Given
f(x) = 2(x^(5/3)) - 5(x^(2/3))
Find the slope of the tangent at each x-intercept
To find the slope of the tangent at each x-intercept, we first need to find the x-intercepts of the function f(x). The x-intercepts are the values of x for which f(x) equals zero.
So, let's set f(x) equal to zero and solve for x:
2(x^(5/3)) - 5(x^(2/3)) = 0
Now, we can factor out a common term:
x^(2/3)(2x^(3/3) - 5) = 0
To find the x-intercepts, we set each factor equal to zero:
x^(2/3) = 0 or 2x^(3/3) - 5 = 0
For the first equation, x^(2/3) can only equal zero if x equals zero. So, we have one x-intercept at x = 0.
For the second equation, let's solve for x:
2x^(3/3) - 5 = 0
Simplifying,
2x - 5 = 0
Adding 5 to both sides,
2x = 5
Dividing by 2,
x = 5/2
Therefore, we have another x-intercept at x = 5/2.
Now that we have the x-intercepts, let's find the slopes of the tangent lines at each x-intercept.
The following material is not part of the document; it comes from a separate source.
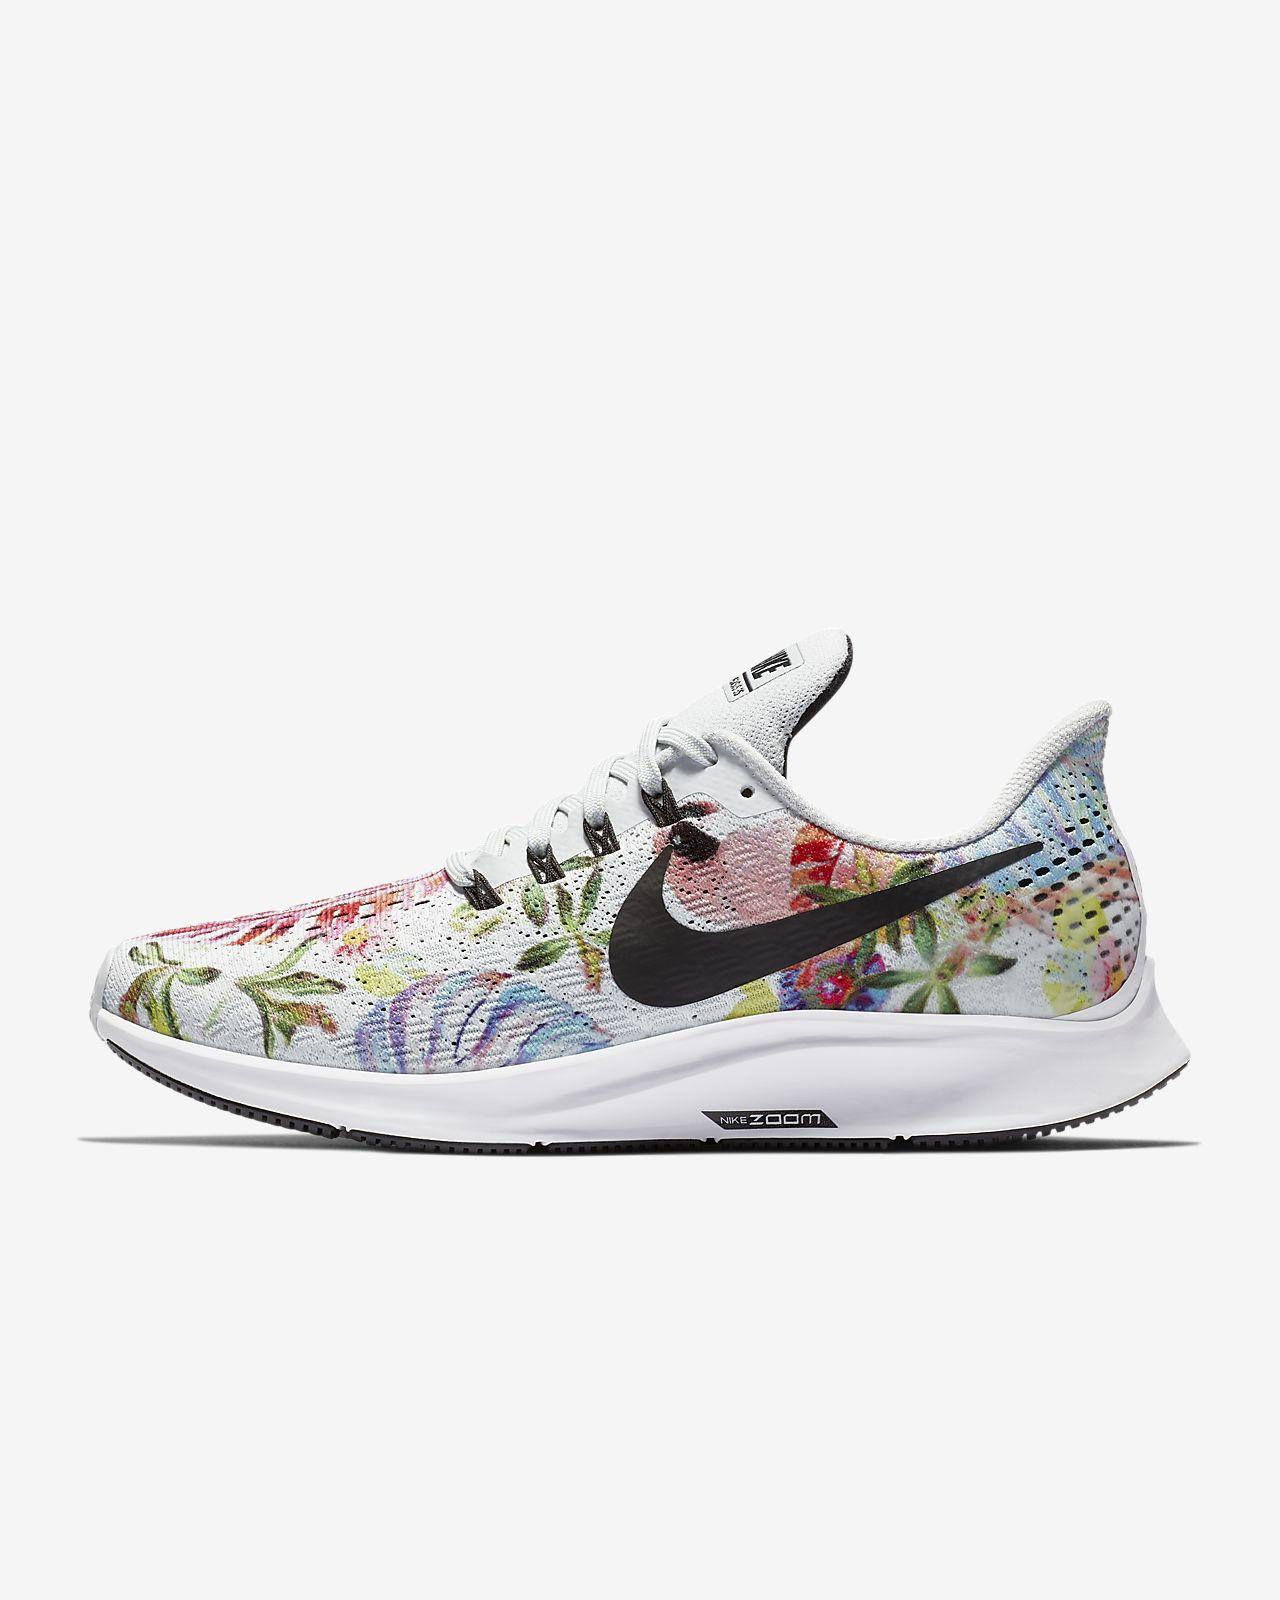 los angeles d836a 0c533 ... Nike Air Zoom Pegasus 35 GPX RS 女子跑步鞋

To find the slope at a given x-coordinate, we need to take the derivative of the function and evaluate it at that point.
The derivative of f(x) = 2(x^(5/3)) - 5(x^(2/3)) can be found using the power rule:
f'(x) = (2/3)(5/3)x^(5/3 - 1) - (2/3)(2/3)x^(2/3 - 1)
= (10/9)x^(2/3) - (4/9)x^(-1/3)
Now, let's evaluate the slopes at the x-intercepts.
At x = 0,
f'(0) = (10/9)(0)^(2/3) - (4/9)(0)^(-1/3)
= 0 - 0
= 0
So, the slope of the tangent line at x = 0 is 0.
At x = 5/2,
f'(5/2) = (10/9)(5/2)^(2/3) - (4/9)(5/2)^(-1/3)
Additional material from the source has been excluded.